---------- Records for this task ----------

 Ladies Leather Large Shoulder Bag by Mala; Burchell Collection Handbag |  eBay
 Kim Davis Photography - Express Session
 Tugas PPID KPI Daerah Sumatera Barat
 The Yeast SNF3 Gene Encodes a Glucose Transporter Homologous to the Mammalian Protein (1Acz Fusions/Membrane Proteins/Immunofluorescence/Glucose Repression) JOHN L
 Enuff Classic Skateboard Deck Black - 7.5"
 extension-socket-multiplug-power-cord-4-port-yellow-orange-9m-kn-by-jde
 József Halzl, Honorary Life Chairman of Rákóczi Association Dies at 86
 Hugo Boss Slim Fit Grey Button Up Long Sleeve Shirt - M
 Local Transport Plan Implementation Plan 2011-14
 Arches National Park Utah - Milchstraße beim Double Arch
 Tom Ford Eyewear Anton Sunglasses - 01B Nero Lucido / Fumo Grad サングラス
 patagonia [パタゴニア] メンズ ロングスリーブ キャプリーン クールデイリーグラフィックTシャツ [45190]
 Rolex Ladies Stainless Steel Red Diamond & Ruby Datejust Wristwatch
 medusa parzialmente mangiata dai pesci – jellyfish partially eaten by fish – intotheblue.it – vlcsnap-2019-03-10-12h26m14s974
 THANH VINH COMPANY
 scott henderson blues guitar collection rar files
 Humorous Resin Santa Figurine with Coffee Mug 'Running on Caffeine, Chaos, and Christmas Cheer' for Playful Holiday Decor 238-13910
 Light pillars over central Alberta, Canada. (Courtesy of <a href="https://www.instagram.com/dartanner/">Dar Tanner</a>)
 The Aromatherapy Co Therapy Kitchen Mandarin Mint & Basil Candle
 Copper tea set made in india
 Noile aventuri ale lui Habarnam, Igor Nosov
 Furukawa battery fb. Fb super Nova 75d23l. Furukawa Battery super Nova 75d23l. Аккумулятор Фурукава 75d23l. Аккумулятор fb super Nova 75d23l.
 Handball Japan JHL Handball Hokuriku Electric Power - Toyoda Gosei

----------

## What to do
Exactly and only the lines from the one containing "THANH VINH COMPANY" to the end of the entries above are to be written out.

## Reply to the exercise
 THANH VINH COMPANY
 scott henderson blues guitar collection rar files
 Humorous Resin Santa Figurine with Coffee Mug 'Running on Caffeine, Chaos, and Christmas Cheer' for Playful Holiday Decor 238-13910
 Light pillars over central Alberta, Canada. (Courtesy of <a href="https://www.instagram.com/dartanner/">Dar Tanner</a>)
 The Aromatherapy Co Therapy Kitchen Mandarin Mint & Basil Candle
 Copper tea set made in india
 Noile aventuri ale lui Habarnam, Igor Nosov
 Furukawa battery fb. Fb super Nova 75d23l. Furukawa Battery super Nova 75d23l. Аккумулятор Фурукава 75d23l. Аккумулятор fb super Nova 75d23l.
 Handball Japan JHL Handball Hokuriku Electric Power - Toyoda Gosei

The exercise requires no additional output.